Emergent Symbol-like Number Variables in Artificial Neural Networks

Date Submitted: October 1, 2024
Journal/Venue: TMLR 2025 (under review)

Satchel Grant, Noah D. Goodman, James L. McClelland

Abstract: What types of numeric representations emerge in neural systems? What would a satisfying answer to this question look like? In this work, we interpret Neural Network (NN) solutions to sequence based counting tasks through a variety of lenses. We seek to understand how well we can understand NNs through the lens of interpretable Symbolic Algorithms (SAs), where SAs are defined by precise, abstract, mutable variables used to perform computations. We use GRUs, LSTMs, and Transformers trained using Next Token Prediction (NTP) on numeric tasks where the solutions to the tasks depend on numeric information only latent in the task structure. We show through multiple causal and theoretical methods that we can interpret NN's raw activity through the lens of simplified SAs when we frame the neural activity in terms of interpretable subspaces rather than individual neurons. Depending on the analysis, however, these interpretations can be graded, existing on a continuum, highlighting the philosophical question of what it means to "interpret" neural activity, and motivating us to introduce Alignment Functions to add flexibility to the existing Distributed Alignment Search (DAS) method. Through our specific analyses we show the importance of causal interventions for NN interpretability; we show that recurrent models develop graded, symbol-like number variables within their neural activity; we introduce a generalization of DAS to frame NN activity in terms of linear functions of interpretable variables; and we show that Transformers must use anti-Markovian solutions -- solutions that avoid using cumulative, Markovian hidden states -- in the absence of sufficient attention layers.

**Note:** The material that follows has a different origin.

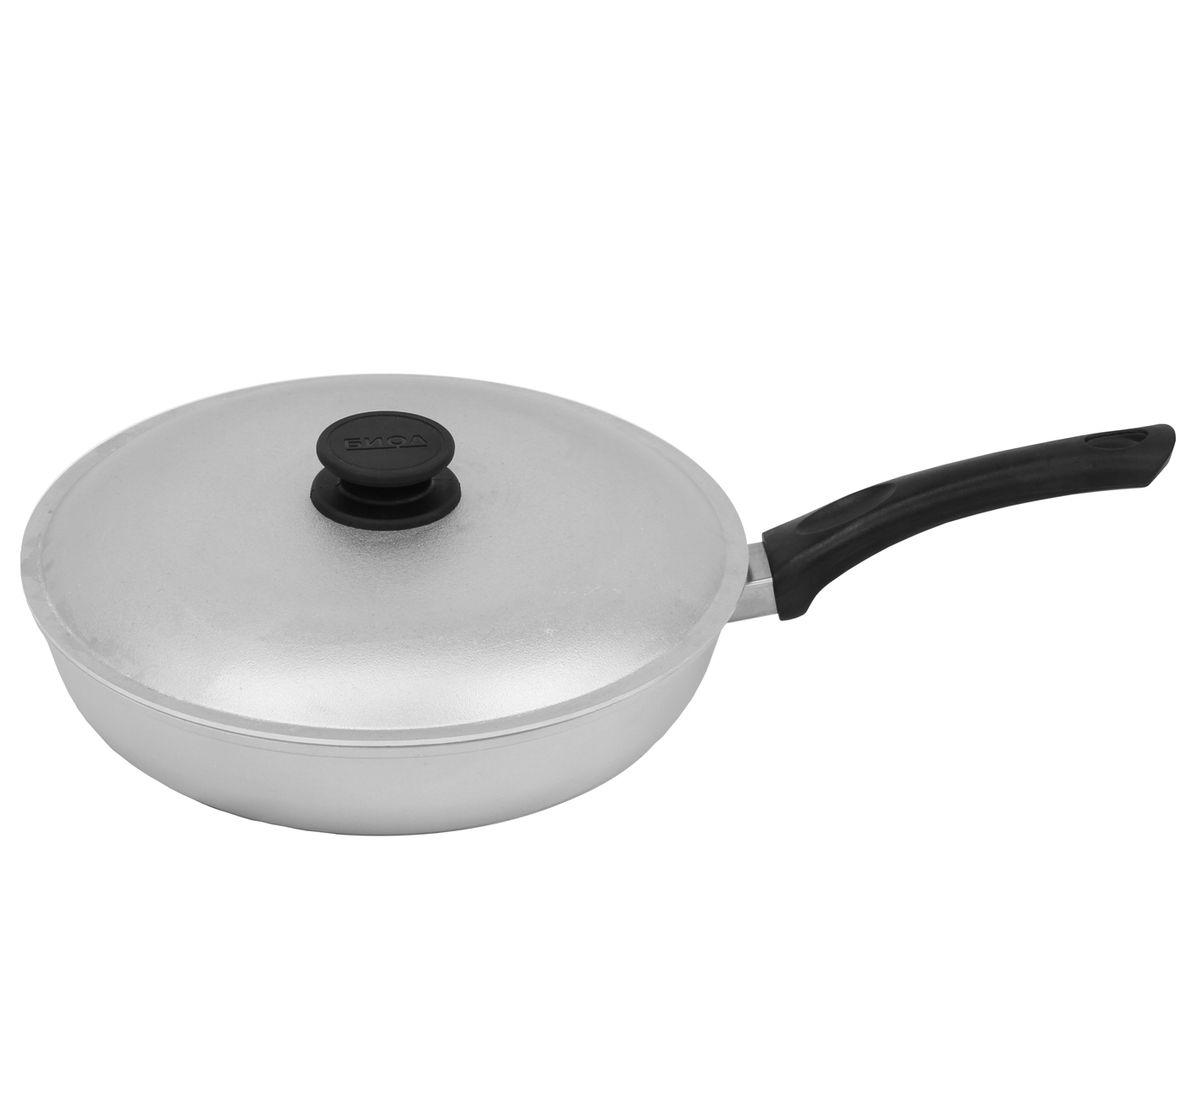 Сковорода, диаметр 22 см, с пластиковой ручкой и крышкой БИОЛА223

We use our results to encourage interpreting NNs at the level of neural subspaces through the lens of SAs.

Model Alignment Search

Date Submitted: January 10, 2025
Journal/Venue: ICLR ReAlign Workshop 2025

Satchel Grant

Abstract: When can we say that two neural systems are the same? The answer to this question is goal-dependent, and it is often addressed through correlative methods such as Representational Similarity Analysis (RSA) and Centered Kernel Alignment (CKA). We find ourselves chiefly interested in the relationship between representations and behavior, asking ourselves how we can isolate specific functional aspects of representational similarity to relate our measures to behavior -- avoiding cause vs. correlation pitfalls in the process. In this work, we introduce Model Alignment Search (MAS), a method for causally exploring distributed representational similarity as it relates to behavior. The method learns invertible linear transformations that find an aligned subspace between two distributed networks' representations where functional information can be isolated and manipulated. We first show that the method can be used to transfer values of specific causal variables -- such as the number of items in a counting task -- between networks with different training seeds and different architectures. We then explore open questions in number cognition by comparing different types of numeric representations in models trained on structurally different tasks, we explore differences between MAS and preexisting functional similarity methods, and lastly, we introduce a counterfactual latent auxiliary loss that helps shape functionally relevant alignments even in cases where we do not have causal access to one of the two models for training.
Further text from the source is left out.